“You can drive a stick right?”


All of the events in this blog post are painstakingly accurate.  We are currently in the process of pitching this to Larry David as a new episode of “Curb Your Enthusiasm.”

Yesterday Hayden and I set out on a journey to buy a car.  Hayden has been wanting one for a while and after looking online at several options, he found one he really liked.  There aren’t any used car dealerships in DC so we set out on a voyage to Virginia. Thankfully, Hayden was plant-sitting for his old roommate Arian who said we could use her car while she was gone.

Fun fact about Virginia.  There are a lot of tolls. And by a lot, I mean that our drive was only about 50 minutes we probably passed through at least four tolls with varying prices.   The highest price for a single toll was almost $6!

Being from North Carolina, tolls are a foreign concept to me.  It feels like I’m in the Wild West and bandits have taken over the highway and I have to hand over all of my valuables if I want to continue going down the road.

I want toll roads to employ a barter system.  Like if you didn’t have any cash you could give them a starbucks gift card with $2.37 left on it and could go 20 miles. Or your air freshener is worth 10 miles.  A couple fast food bags and old receipts would get you a solid 15 miles. 

After offering the apartment as collateral for the millionth tolls we went through, we made it to the first dealership. This was a stereotypical used car dealership.  Lots of cars packed into a small corner lot on a relatively busy street.

It was also defielty a higher-end dealership than what we were looking for.  He had a lots of BMWs and a couple Maseratis, and oddly enough, one Subaru.

We took the Subaru for a test drive and it was a solid car.  The inside was nice, pretty standard features. It was also also on the large size.  And when we began thinking about all the parallel parking we would be doing in DC we began to worry it might be too big.  So we took it back to the dealership. We told the salesman that we had another dealership we wanted to look at but we’d probably be back in around an hour.

As we left the dealership we both decided we should grab something to eat so we drove and found a really cool-looking dinner.  The inside had a great ambience. Once seated, we ordered our coffee some got some amazing biscuits and gravy and eggs.

With our bellies full, we continued onto the next dealership.  It was about 30 minutes from where we were. We passed through two more tolls, and with each toll it felt as it a bit of our soul was being ripped from us.  

We turned town the road of the dealership and found that this was apparently “Used Car Alley” because there were at least ten different places to buy cars on this one row.   It took us a bit but we finally found the right spot. We walked into a very nice lobby area and told them the car we were looking for and they brought it right to the door. It was another Subaru but this one was more compact.

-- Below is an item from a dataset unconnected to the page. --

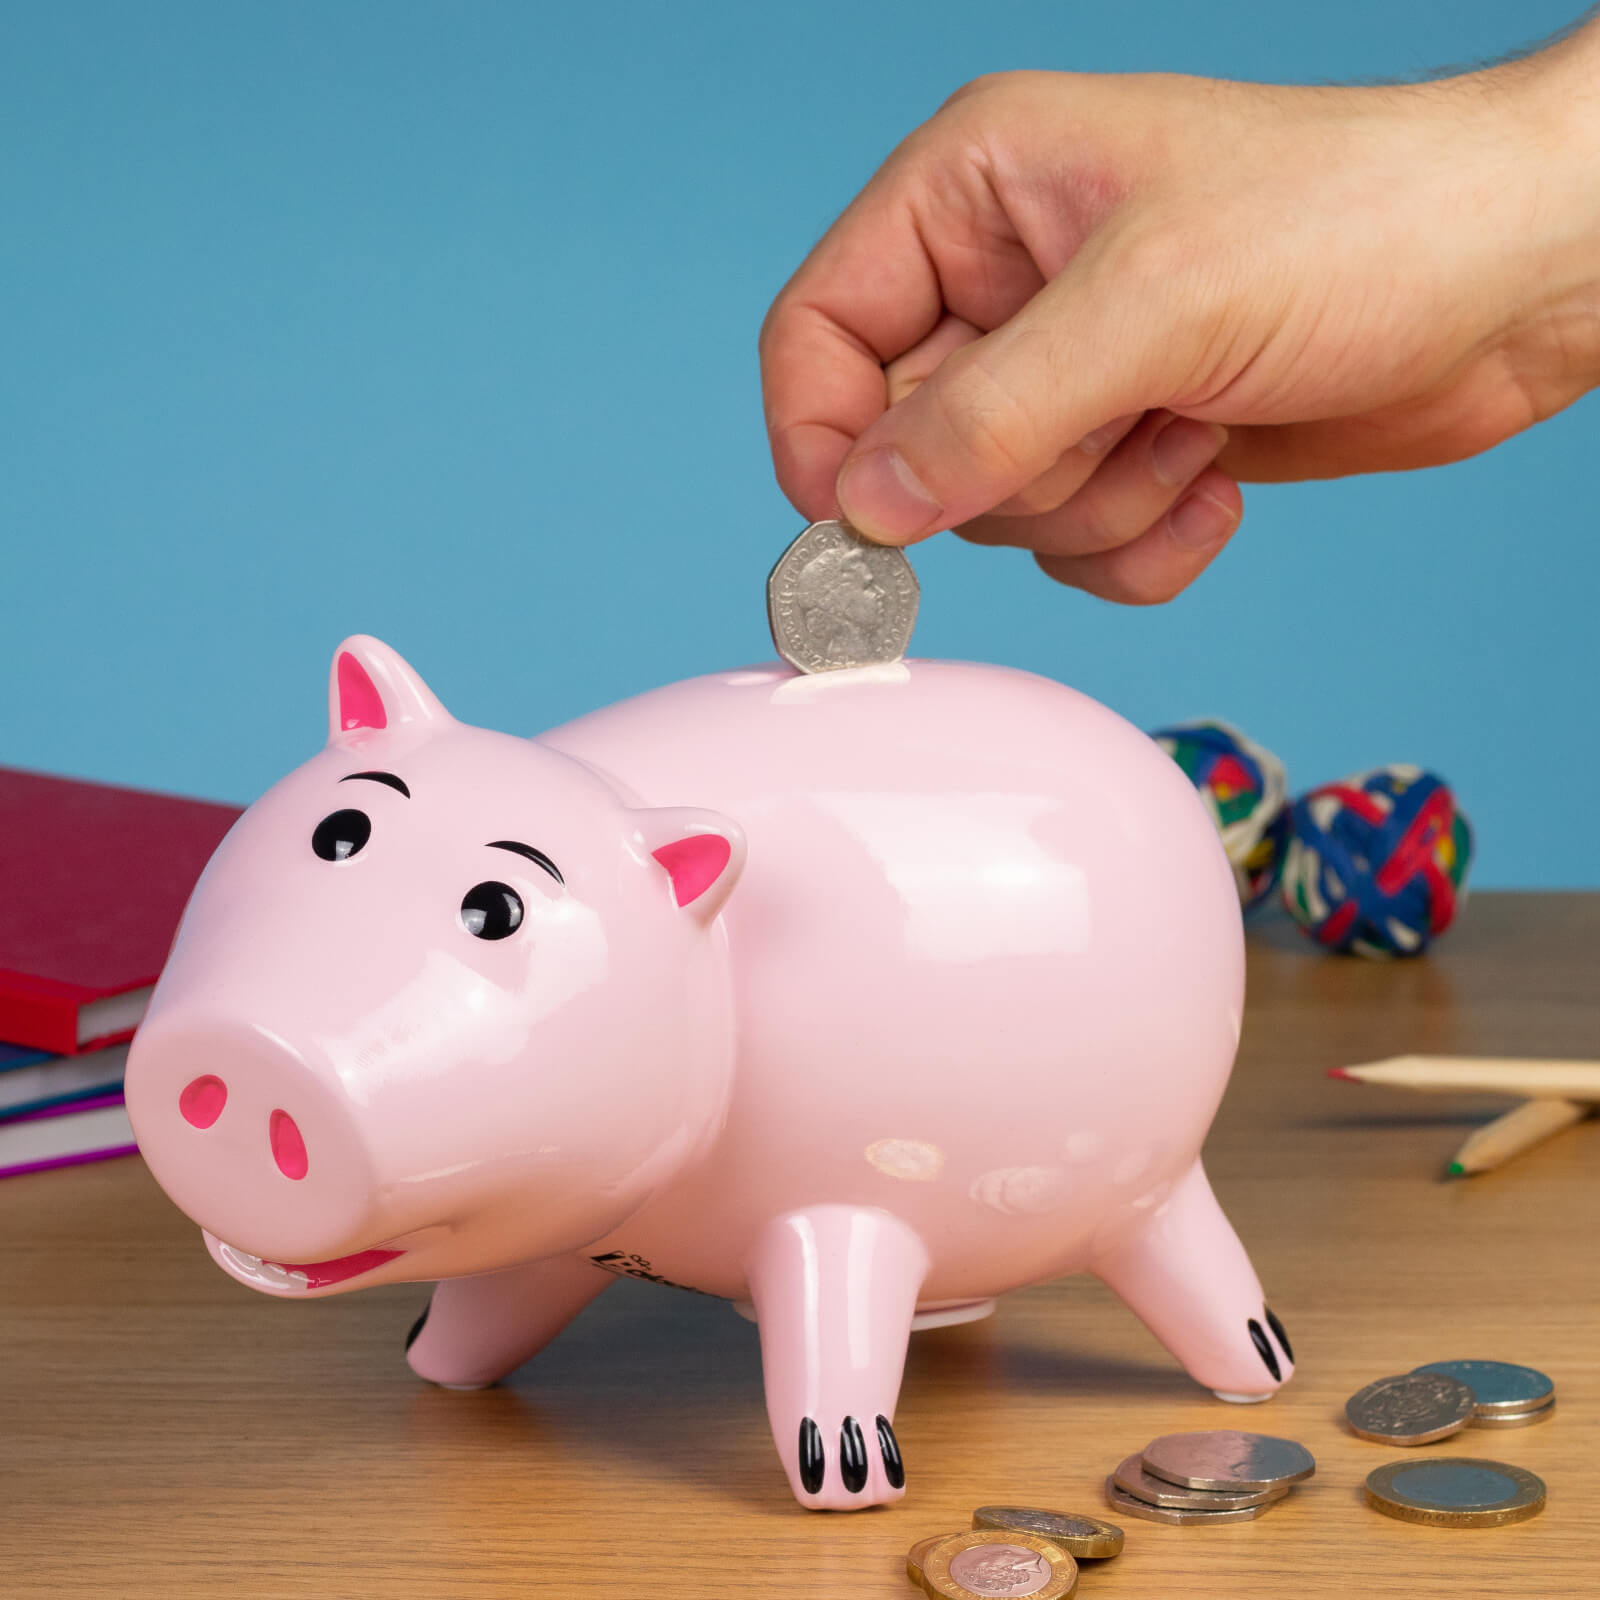 How to save money by building a budget

As Hayden was talking to the salesman William, I looked in the car and noticed it was a stick shift.  This was a surprise to me because I thought it was an automatic. When I brought this up he said “Oh yeah, I can drive stick.  I mean it’s been a while but it’s like riding a bike right? You never really forget.”

As it turns out, it’s not.

We took our seats in the car and Hayden started the engine.  He put it into gear and we lurched forward almost hitting another car on the lot.  Hayden assured me that he was “just a little rusty.” And after some jolts in the parking lot we made our way out onto the open road and things got much smoother.

There was a small development with cookie-cutter houses close to dealership that seemed like a good place to do some light test-driving.  As we slowed down Hayden shifted between gears with less ease. Going between 1st and 2nd gear became much less seamless.

Then we made a fateful turn onto a dead end.  The Subaru slowed to a stop and the engine cut off.  That was when we found out that he couldn’t get the stick to go from neutral to reverse.  We were in tight spot. We were out of road and there was no way to turn around without reversing.  Hayden tried several times to get it into reverse but, alas, it was all in vain.

We now had two choices.  One, we call William and tell him that we are stranded in suburban Hell, have him come pick us up and then definitely not be able to buy a car from him or one of us was going to have to push the car.  The choice was simple. We simply wouldn’t jeopardize our newfound friendship with William. And since my foot is still in a boot, Hayden was going to have to be the one to push the car around 75 feet by himself while I steered.

I moved to the driver’s seat as Hayden went to the front of the car.  Not since my bout with The Blue Couch have I seen such an impressive display of sheer strength.  It was very much like the woman who lifted her car off off her kid. It was a beautiful display of the human will.

We rounded the corner and got the car facing back onto the road.  Hayden took back the driver’s seat and we set off, with several more lurches, back to the dealership.  Hayden parked the car on the other side of the building so William wouldn’t see him trying to park. So we stopped it somewhat in the middle of the road and went back inside.

Once inside, William asked “How was it?”  “Well, it was alright, but the clutch was a little sticky.” And that was that.

He then told us about some other cars he had and Hayden found a 2014 Ford Focus with 56,000 miles on it that he really liked. So we took it for a test drive and it was much smoother.  After the test drive Hayden decided to get the car.

So we began the process of buying the car.  We had to talk to Hayden’s mom, Elyse several times because she was co-signing with Hayden.  But this proved to be difficult because she was at a drum circle and it was hard to hear. But despite that, we got the information we needed and moved on to another office to do the final paperwork.

With the last piece of paper signed, Hayden was officially the owner of a car! But because of my foot, I couldn’t drive the new car back so we left it there and planned on going back the next day with another friend to pick it up.

I wish I could tell you this is where the journey ended.  But unfortunately, there were a few more woes to be had.

We woke up the next morning and had some coffee and watch a little CBS Sunday morning before heading back to the dealership.  Hayden’s friend Emily joined us for the return trip. It was smooth sailing for the whole trip there. We actually didn’t hit any tolls or any traffic.  We got to the dealership shortly after it had opened and got the car and made set out for home.

We decided before we left to meet at a nice diner in Virginia to get some breakfast.  On the way back we hit several tolls but this didn’t dampen our spirits. We had a car now!  Just think of all the groceries we could now get! Up until this point, each time I went to the store I had to decide whether I was going to get milk or beer because getting both would be too heavy to carry back to our apartment so I had to choose only one.  (9 times out of 10, the beer won out.)

When we arrived at the diner there were no parking spaces open in the parking lot so Hayden drove out and found an adjacent lot where the were several open spots.  We checked around and didn’t see any “No Parking” signs so we parked and left the car and made our way into the diner.

Once we had finished eating we headed back to the car, only the car wasn’t there.  We looked around and saw a small sign that said “No Parking. Car will be towed at ower’s expense.”  This was the only sign in the huge parking lot. It was clearly a trap.

Hayden ran back to catch Emily, who was driving his new car, before she left.  She drove back and picked me up while Hayden called the tow company. It was only about five minutes away from us.  We drove to the tow lot and Hayden went inside and paid the fee and got the car back. It was the most expensive breakfast he’d ever eaten.  

After all that, both cars are safely parked in our neighborhood and neither of us will ever have to choose between beer and milk again.